(DATA EXTRACT)

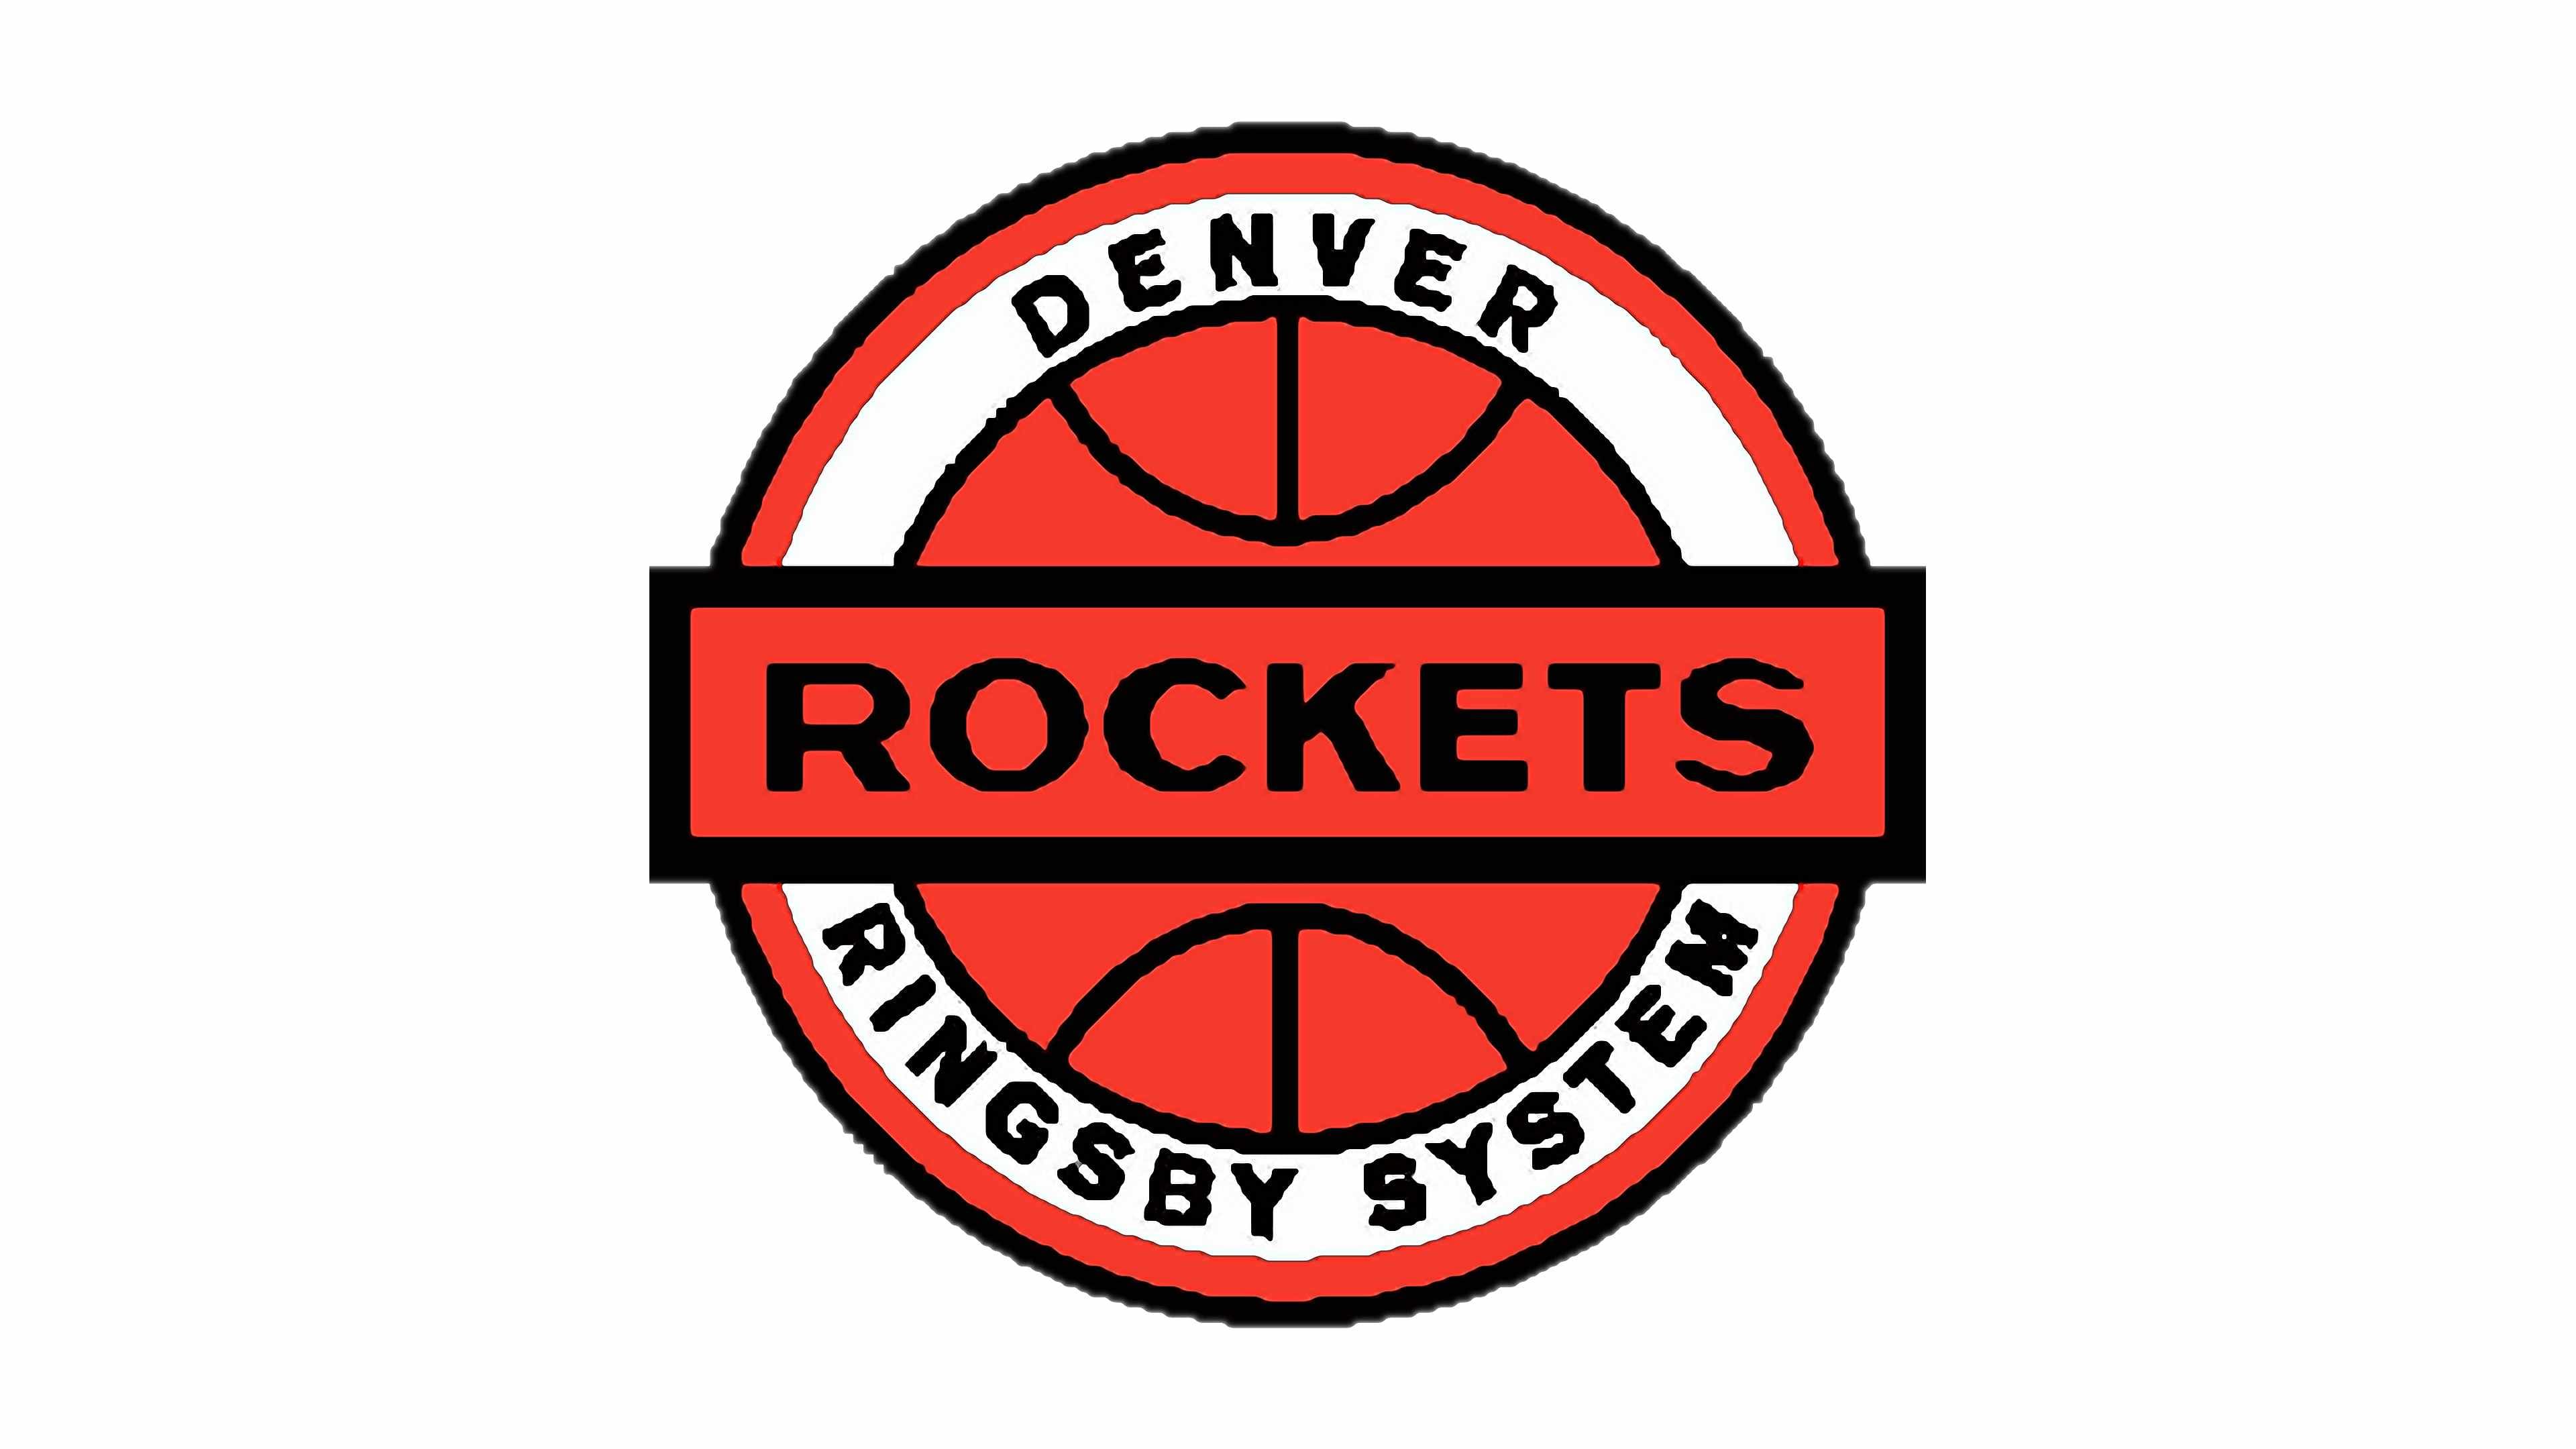 Houston Rockets - Wordmark Logo (2003) - Basketball Sports Vector
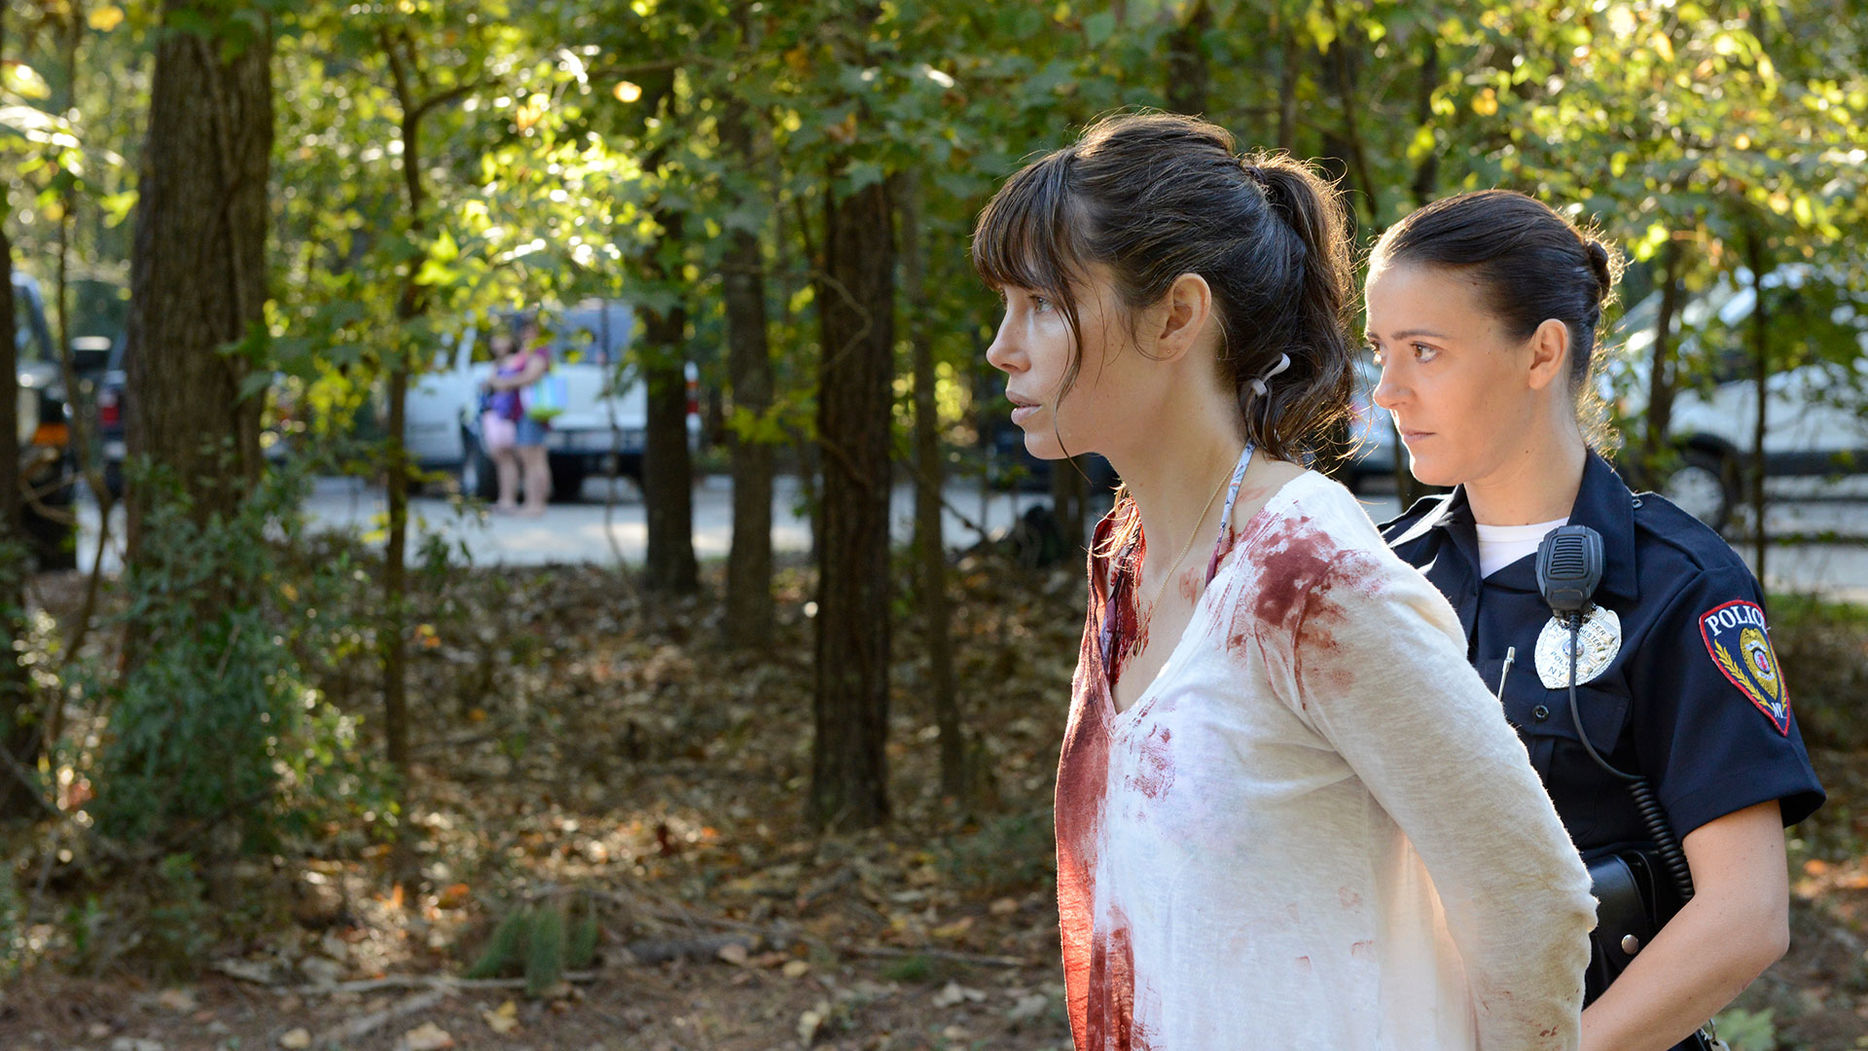 Jessica Biel (Cora Tannetti) stars in Part I of The Sinner Photo credit: USA Network
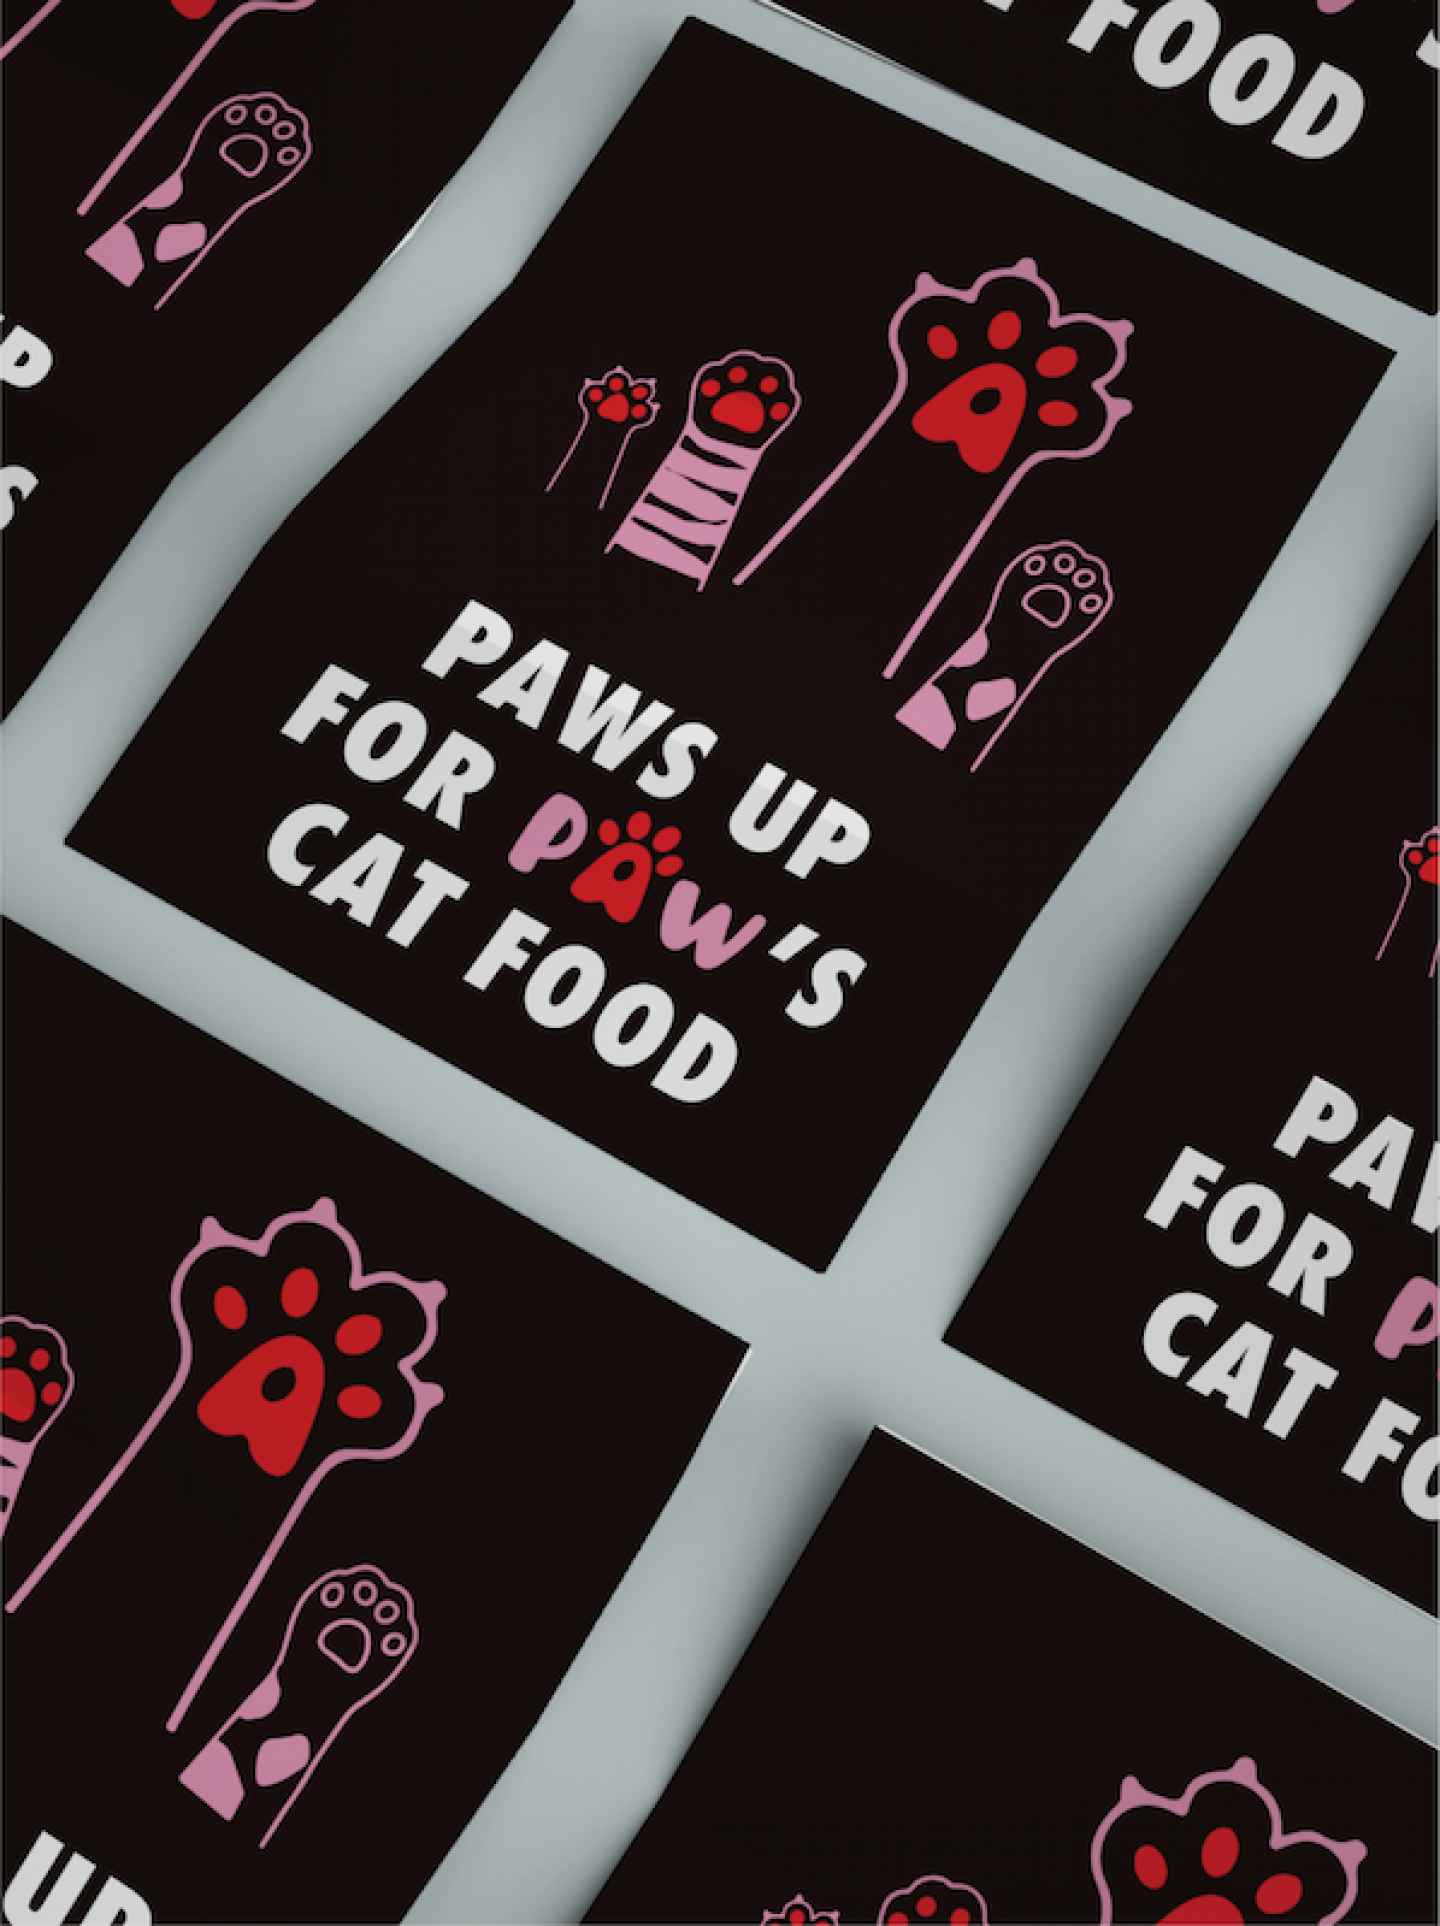 PAW CAT FOOD

(End DATA EXTRACT)

PROBLEM:
Reproduce the preceding material exactly, skipping pictures.

TASK SOLUTION:
 Houston Rockets - Wordmark Logo (2003) - Basketball Sports Vector
 Jessica Biel (Cora Tannetti) stars in Part I of The Sinner Photo credit: USA Network
 PAW CAT FOOD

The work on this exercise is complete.